The Whole Show
How Peter Brann won by throwing away everything and starting over
Published in 2018 New England Super Lawyers magazine
By Matt Chandler on October 18, 2018
Nearly 20 years have passed since Peter Brann stood before the nine justices of the U.S. Supreme Court and argued Alden v. Maine. It is, he says, the crown jewel of his four-decade legal career—and the furthest thing from a normal day at the office.
“If someone tells you it is just another case, they are either braindead or they are lying to you,” Brann says from his office at Brann & Isaacson in Lewiston, Maine. “This is the whole show.”
Photos and television didn’t prepare him for the effect created by the low risers and semi-circle of the court’s bench.
“You really have to be there, arguing before the court, to appreciate how intimate the actual courtroom is,” Brann says. “When you are at the podium, you are 12 feet from the chief justice. Courtrooms are designed to be very intimidating. When you are the Supreme Court, you don’t need a courtroom to be intimidating, it just is.”
Back in March 1999, Alden v. Maine was considered a significant case on the court’s docket.
“The essence of the question was whether or not Congress had the power to allow individuals to sue a state for damages and have that apply in state court,” says Brann, who also handled the case at the trial and on appeal. “It had previously been ruled that Congress lacked that authority to do it in federal court, so this case took it to the next level. Could Congress pass a commerce law subjecting a state to a damage action in state court?
“It was pretty clear from the outset, there were three justices on my side and four against me,” Brann recalls. “After doing a little more research, it looked like it was going to come down to Justice Anthony Kennedy.”
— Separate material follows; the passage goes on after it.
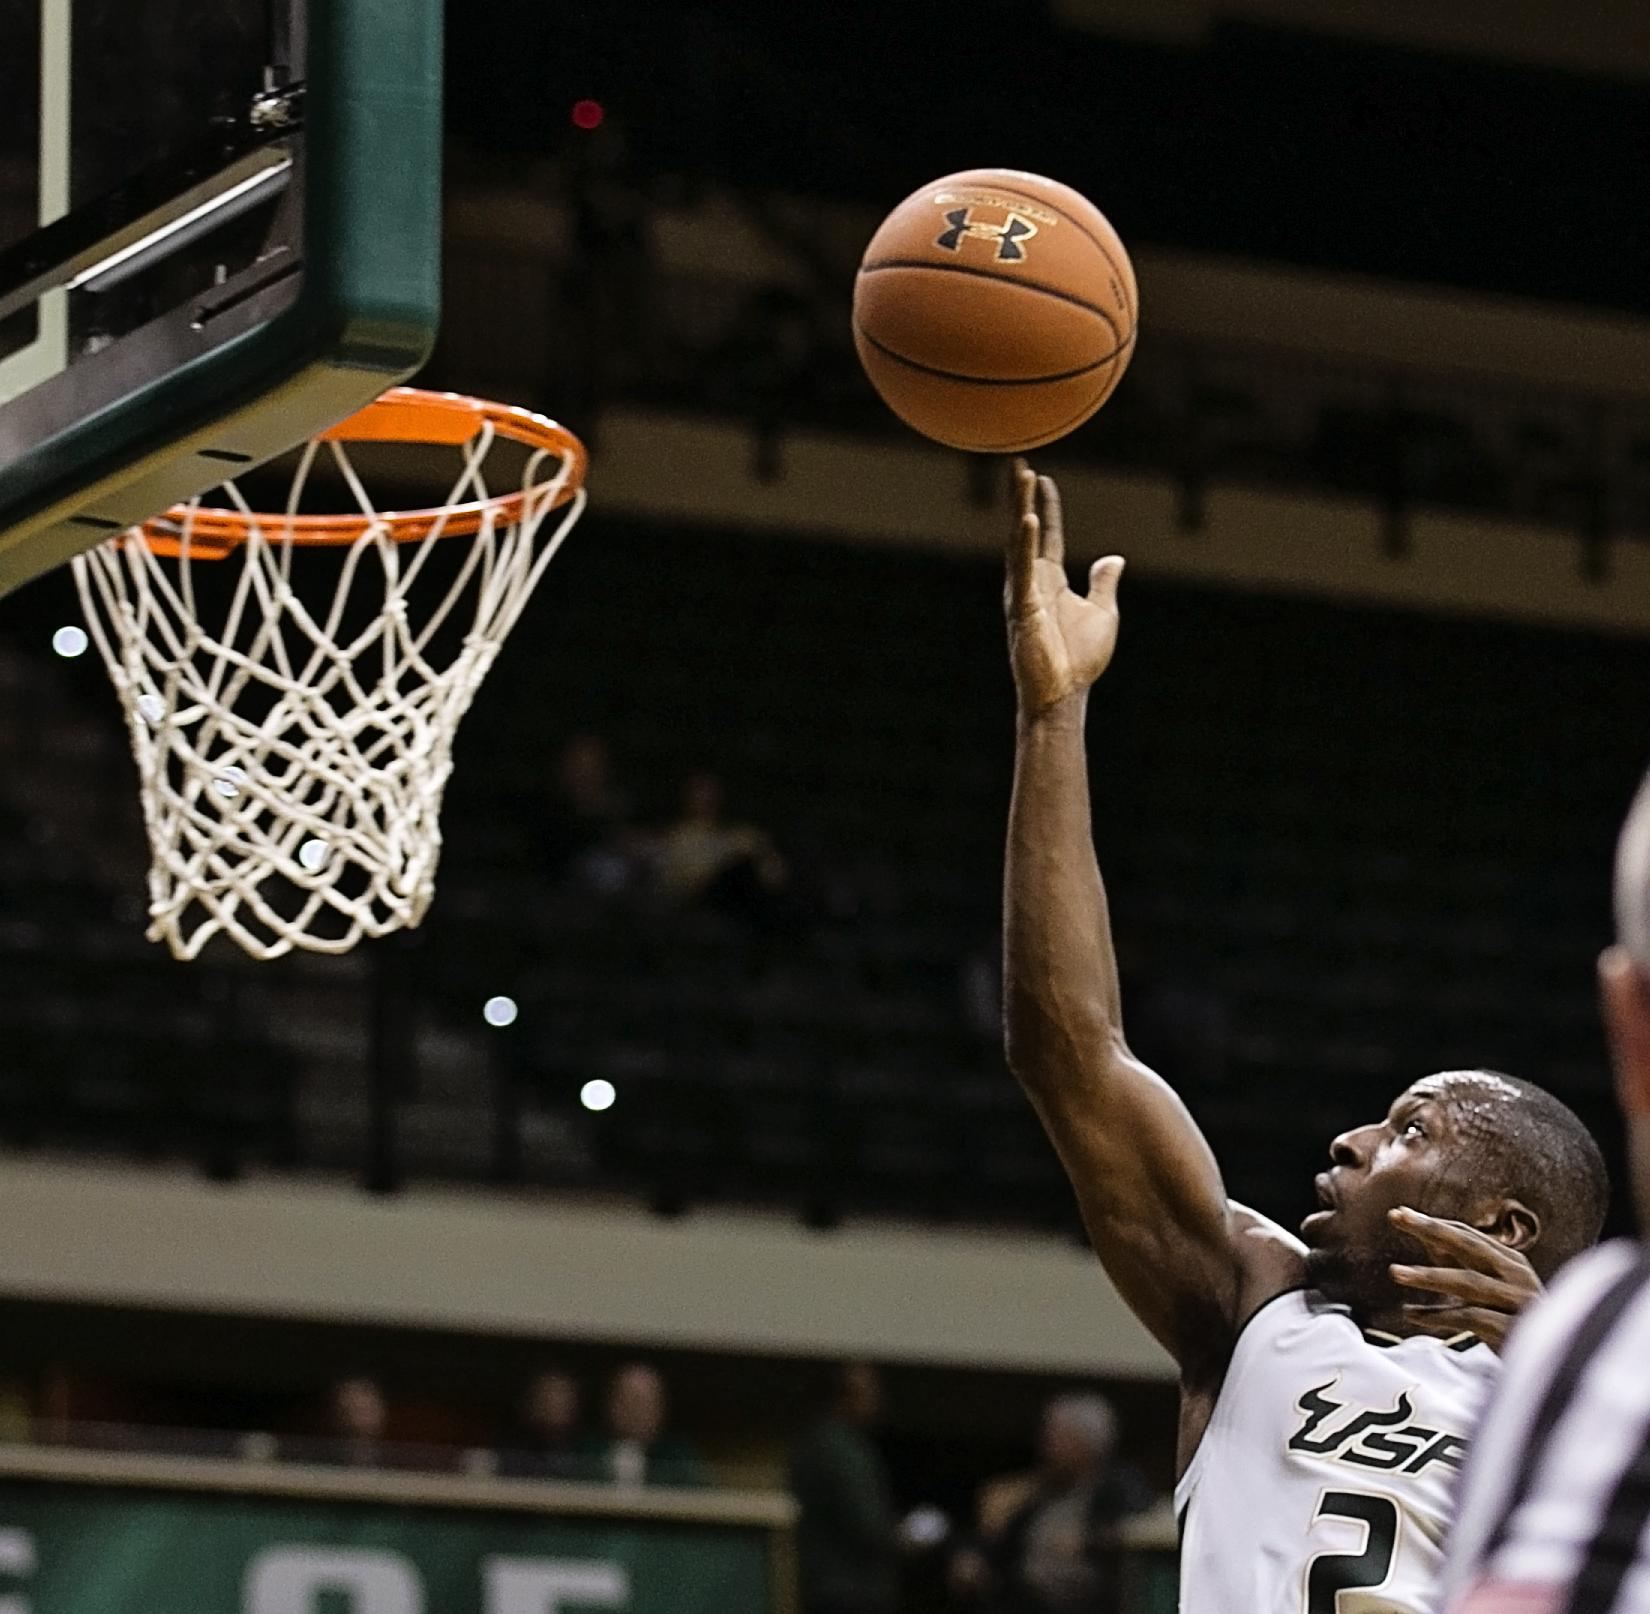 Terrence Samual lays in a basket for the Bulls./CARMEN MANDATO
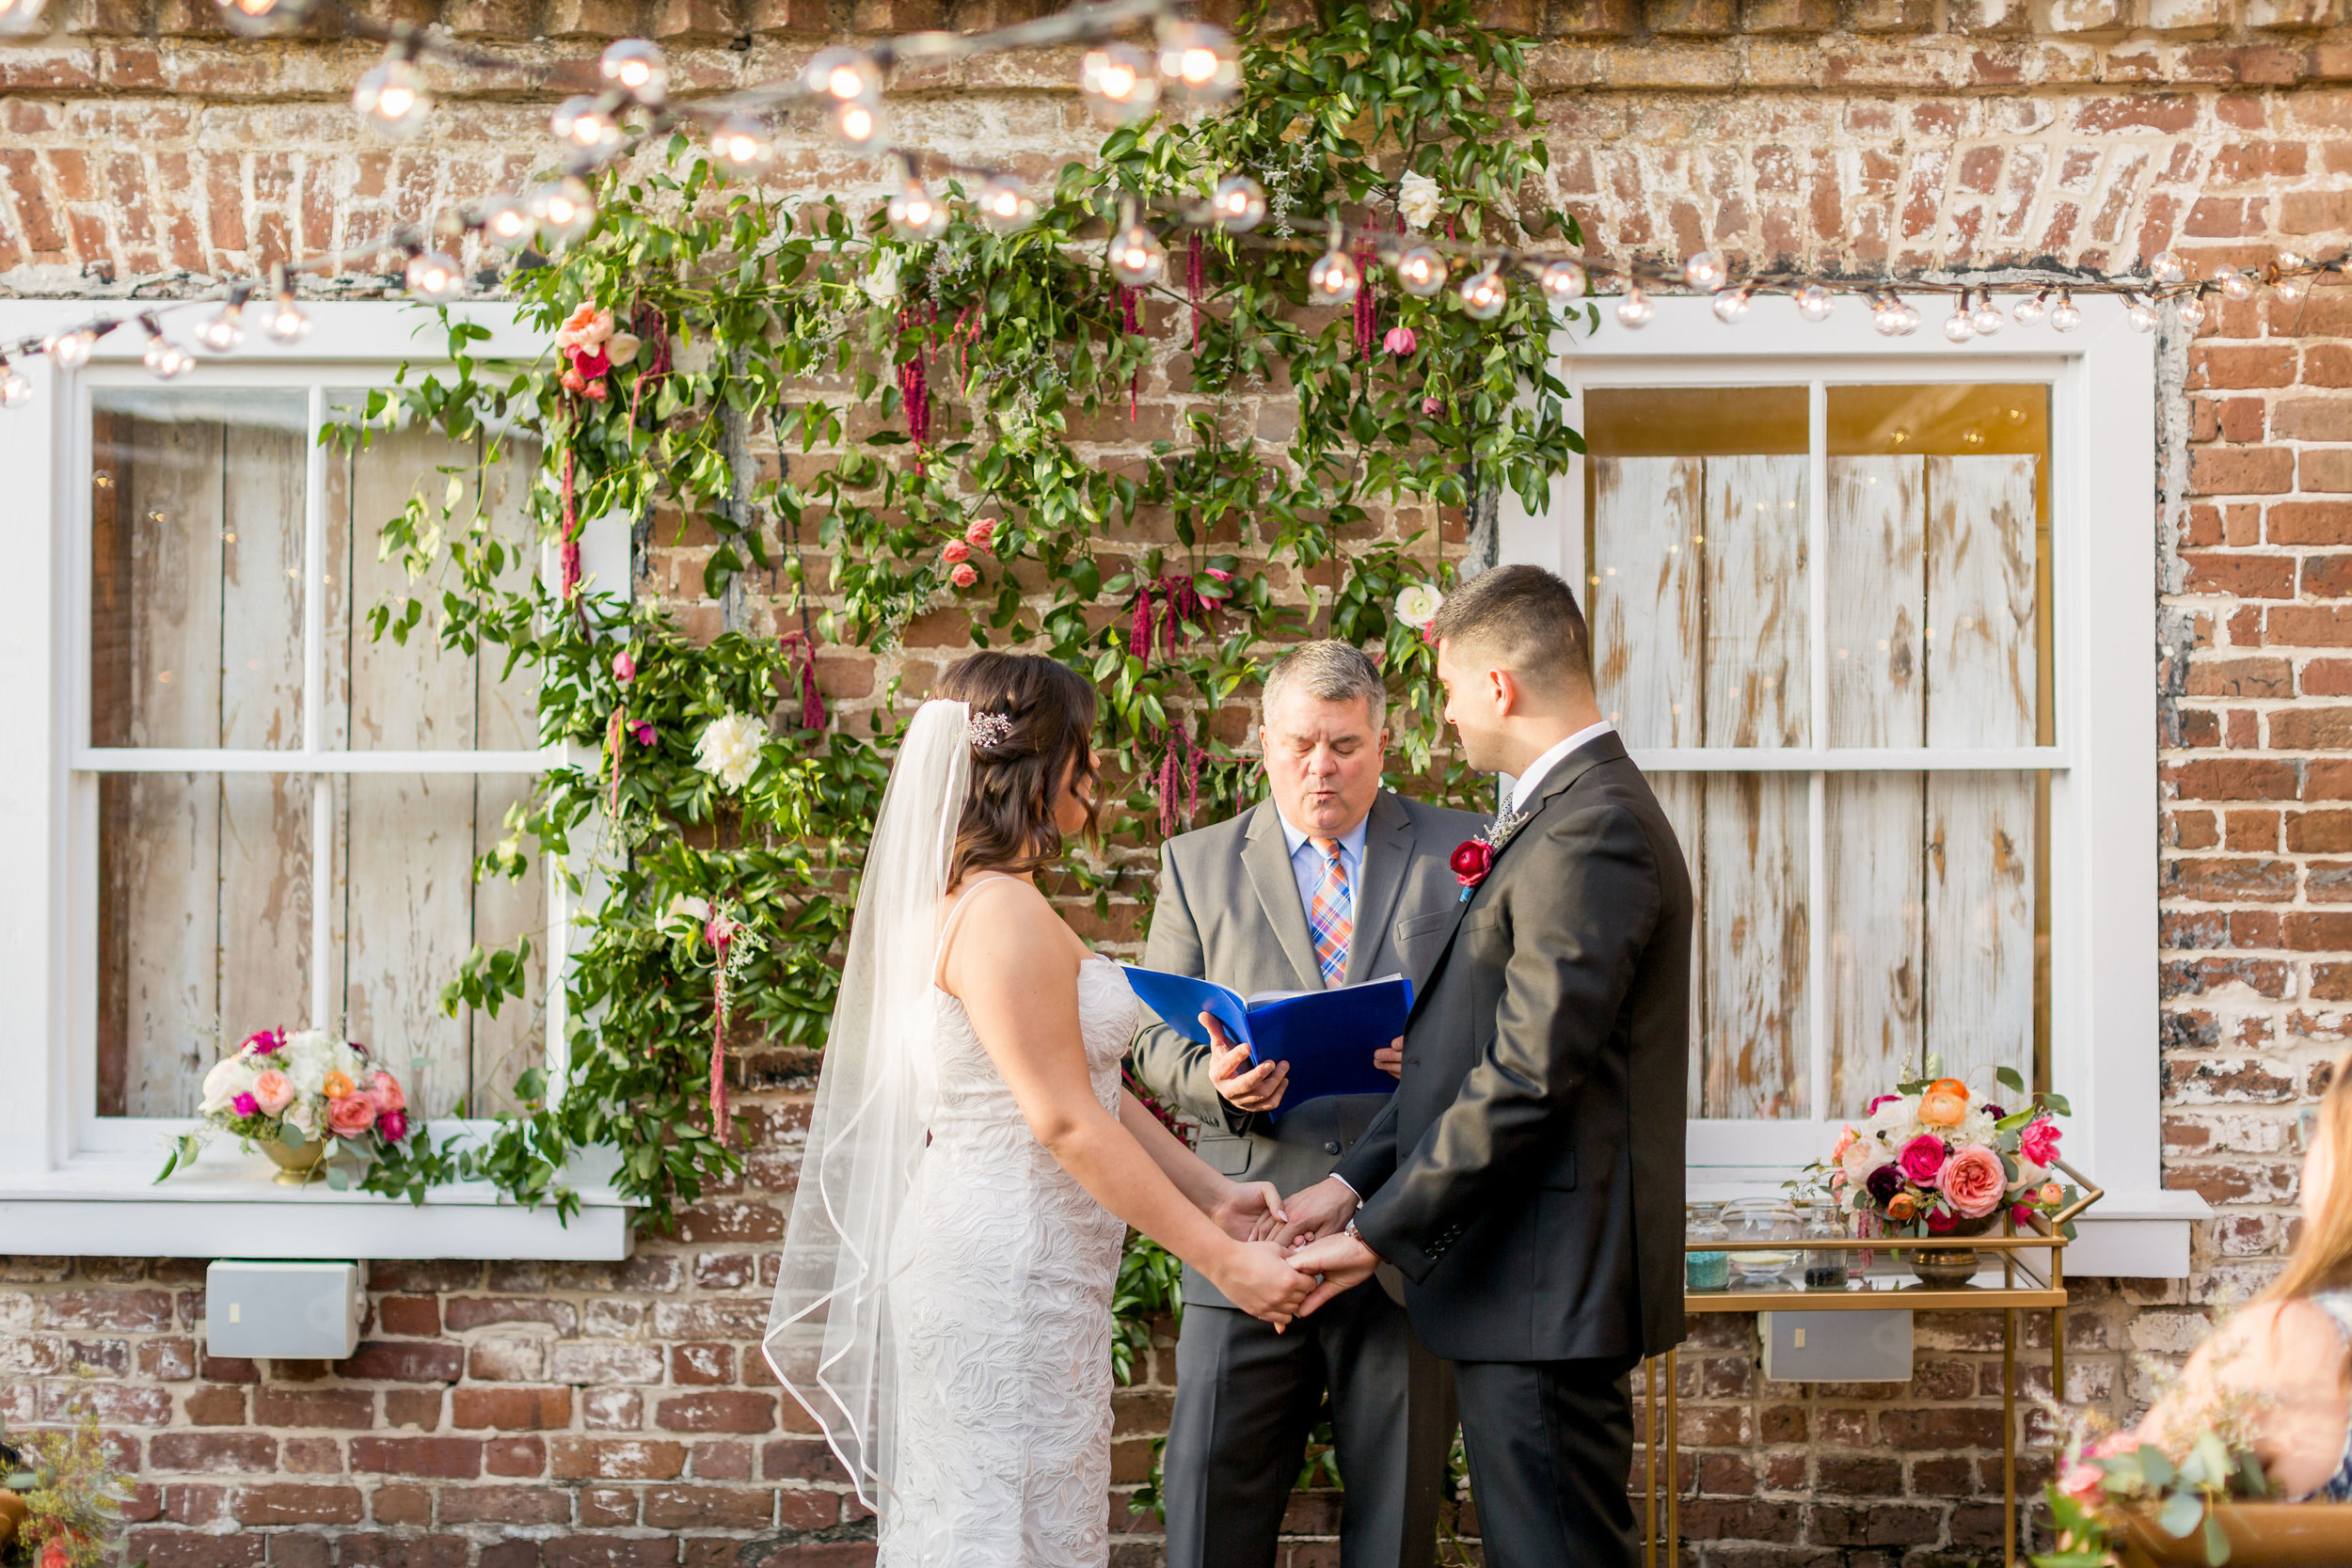 charleston new years elopement popup surprise wedding at upstairs at midtown - scarlet plan & design wedding planners (39).jpg

That knowledge helped Brann focus on how to build his argument.
“One of the best pieces of advice I got came from Jeff Sutton, who was in private practice at the time.” (Sutton is now a judge on the U.S. Court of Appeals for the 6th Circuit.) “He told me, ‘Take everything you’ve done before, throw it away, and start over,’” Brann says, laughing. “The arguments at this level become a little more nuanced, and you can’t just pull up a brief to make your argument, because that really isn’t going to cut it.”
Another valuable piece of advice came his way from his predecessor in the AG’s office.
“He told me, ‘At some level, they’re gonna do what they’re gonna do. They have a lot of smart clerks, and they know where they want the law to go, so at some point you want to just enjoy the ride,’” Brann says. “That took a little bit of the pressure off. If one of these justices has a view that is firmly held, you could write the best brief in the world and you aren’t going to change their mind.”
Brann felt so prepared that he spent the weekend before the big day exploring the nation’s capital with his then-5-year-old twins.
“I had reached a point where I knew what I was going to say and how I was going to answer the questions, and the rest was out of my control,” he says.
Once he was before the High Court, Justice Kennedy asked a particular question. “As soon as I heard the question, I thought, I just won this case,” he says. “I knew he was with me; that’s it, game over.”
Three months later, Brann earned a 5-4 decision. “As I was arguing the case, I remember thinking there is no place in the world I would rather be,” he says, pausing and adding: “And that’s still true today.”
Alden v. Maine at a Glance
Case Number: 527 U.S. 706
Ruling: 5-4 in favor of the state of Maine
Majority: Kennedy, Rehnquist, O’Connor, Scalia, Thomas
Minority: Souter, Stevens, Ginsburg, Breyer
In a nutshell: A group of probation officers in Maine filed suit claiming the state violated the Fair Labor Standards Act of 1938. The case was initially dismissed on the grounds of the state having sovereign immunity from lawsuits, thus setting the stage for the eventual challenge at the Supreme Court.
Justice Kennedy, writing for the majority: “Although the plain meaning of the 11th Amendment is not precise, the history and structure of the Constitution lead to the conclusion that states retain sovereign immunity unless they expressly relinquish it in a certain situation.”
Its legacy: “It continues to be quite important,” Brann says. “I was reading one of the decisions from the last term and there it was, being cited again, almost 20 years later.”